Não podíamos deixar de conferir a entrevista pela televisão. Na verdade, os
encontros com Dom Luciano eram, ao mesmo tempo, um momento de partilha de sua
vida, de suas viagens, de seus estudos, de seus encontros, de suas preocupações
com a Igreja do Brasil e do mundo. Todos sabemos – e ele nunca escondeu de
ninguém, nem mesmo do episcopado brasileiro, o qual ele, muitas vezes, deixou-o
furioso com suas argumentações –, que, mormente, quando clareavam os lampejos
neuróticos da “rebeldia contra Roma”, ele tomava posições severas e corajosas
contra os ditos ‘teólogos e bispos católicos’ que se julgavam donos do
patrimônio da moral e da doutrina católica, quando, não, do próprio “depositum fidei” – “depósito da fé”.
Quanta presunção! Quem não leu muitos de seus artigos no “Estadão” e na “Folha
de São Paulo”? E não era um problema isolado, isto é, apenas do Brasil ou da
América Latina, que ferviam como “um barril de pólvora”.
Naqueles anos
turbulentos da situação delicada e tensa das décadas de 70 e 80, o famigerado e
temido cardeal Ratzinger, depois, o amável Papa Bento XVI, cuja eleição nada
mais é do que uma ratificação patente e serena de que ele estava no caminho
certo, remando contra corrente em meio ao turbilhão de críticas e censuras
vindas, também, da parte daqueles que mais deveriam colaborar e ajudá-lo, como
de alguns cardeais da Cúria Romana; naquela época, ele confessava
impressionado: “Eu fico cada vez mais admirado com a habilidade dos teólogos
que conseguem defender justamente o oposto do que se encontra claramente
escrito nos documentos do Magistério. E, no entanto, aquelas deturpações são
apresentadas, através de hábeis artifícios dialéticos, como o ‘verdadeiro’

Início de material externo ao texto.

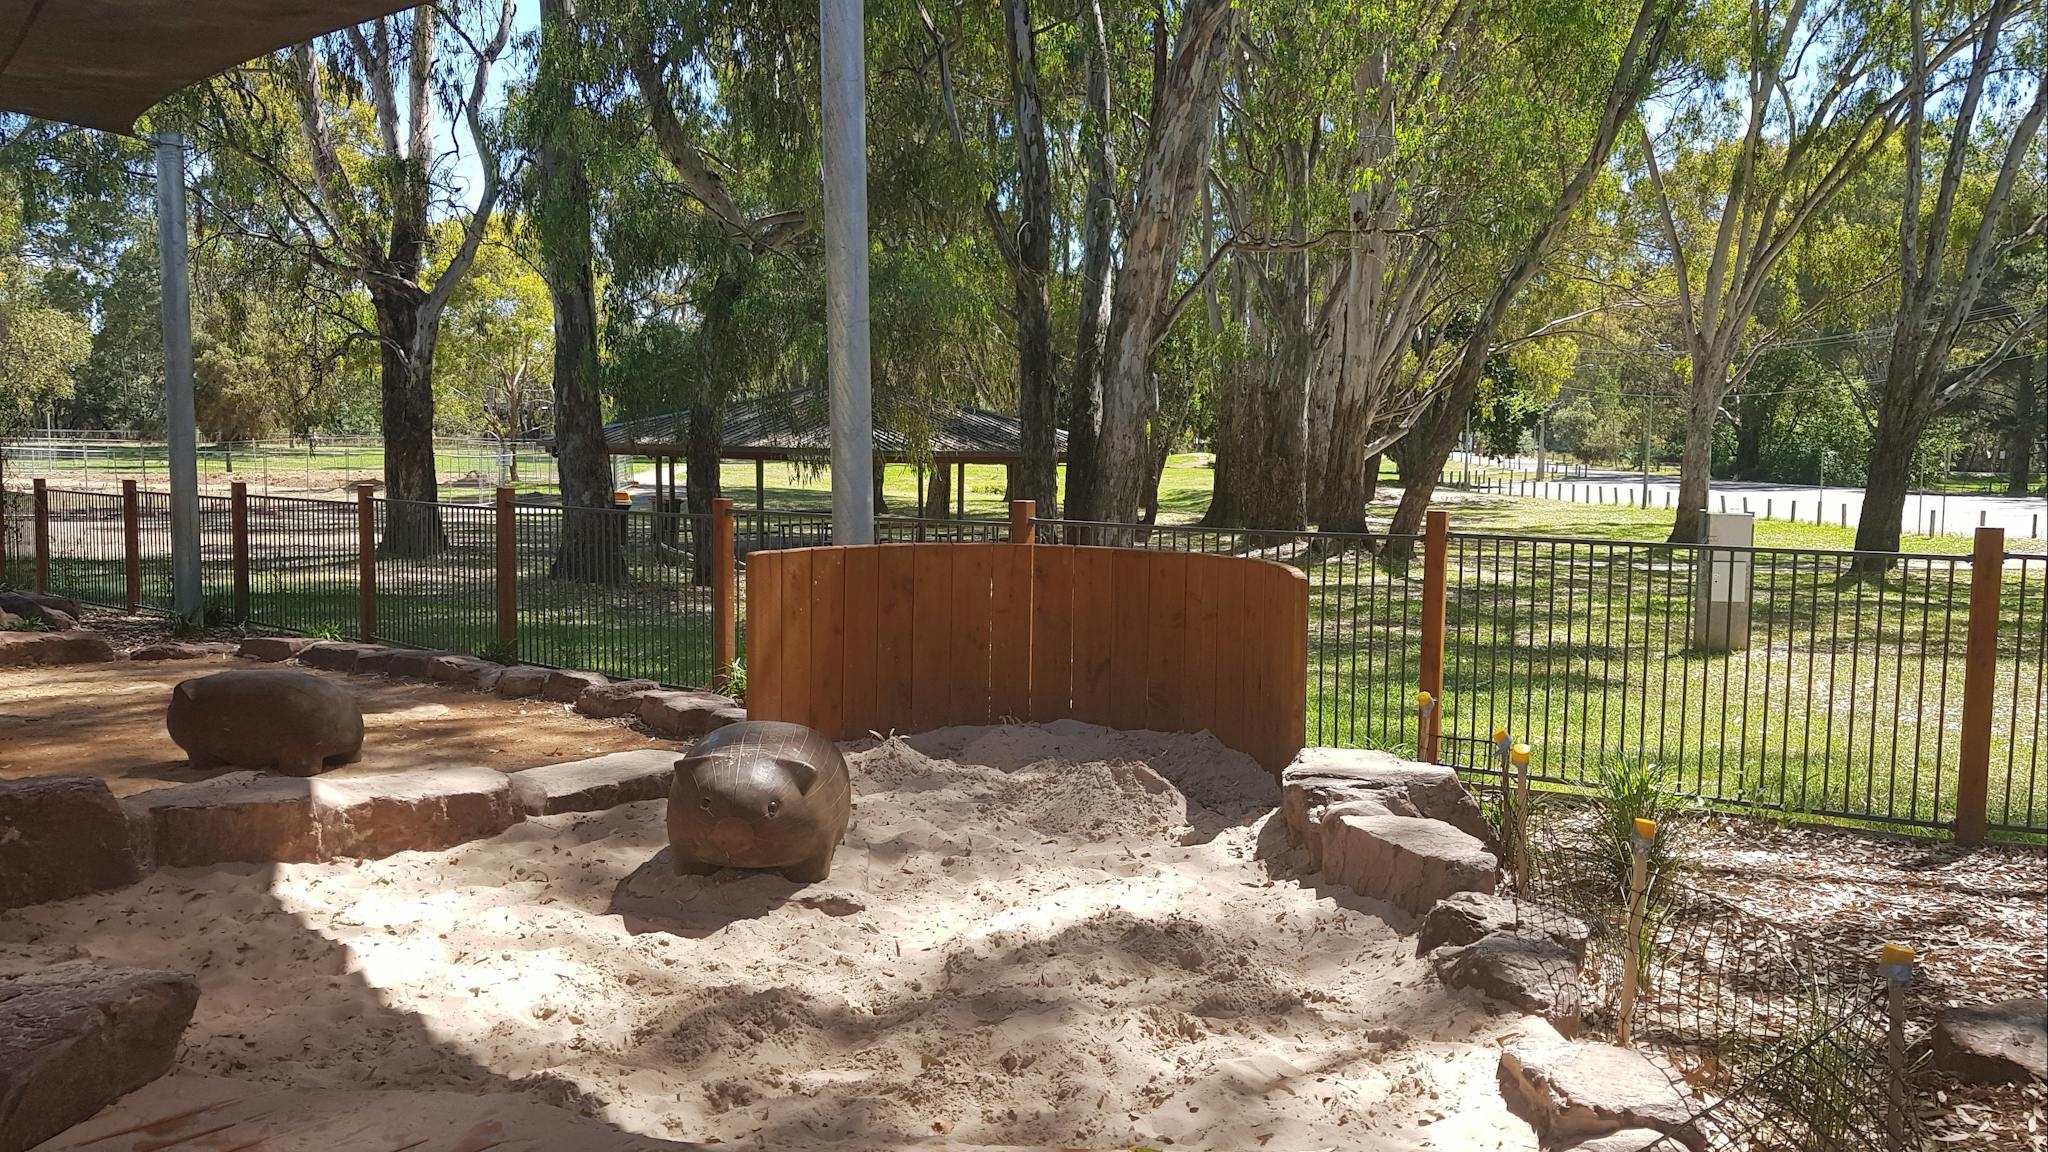 sun shades, childrens playground, wombat sculpture in sandpit, leafy trees, sunshine, fence, rotunda

significado do documento em questão”. Hoje, muitos anos passados, compreendo
melhor o significado da insistência de Dom Luciano a respeito da necessidade e
da importância da leitura sadia, segura, e da obrigação moral da capacidade de
discernimento entre o certo e o errado, o verdadeiro e o falso, o conforme e o
contra. A objetividade de sua determinação e decisão, diante de certas
questões, estendia-se, também, à dinâmica concreta do quotidiano do Seminário.
Que o
arcebispo emérito, agora nonagenário, Dom Luciano Duarte, certamente flanqueado
por amigos e admiradores, possa permanecer no nosso meio por muitos anos,
incidindo sobre a tênue fímbria de nossa memória a grandeza de seu espírito e a
perenidade de sua sabedoria humana e espiritual.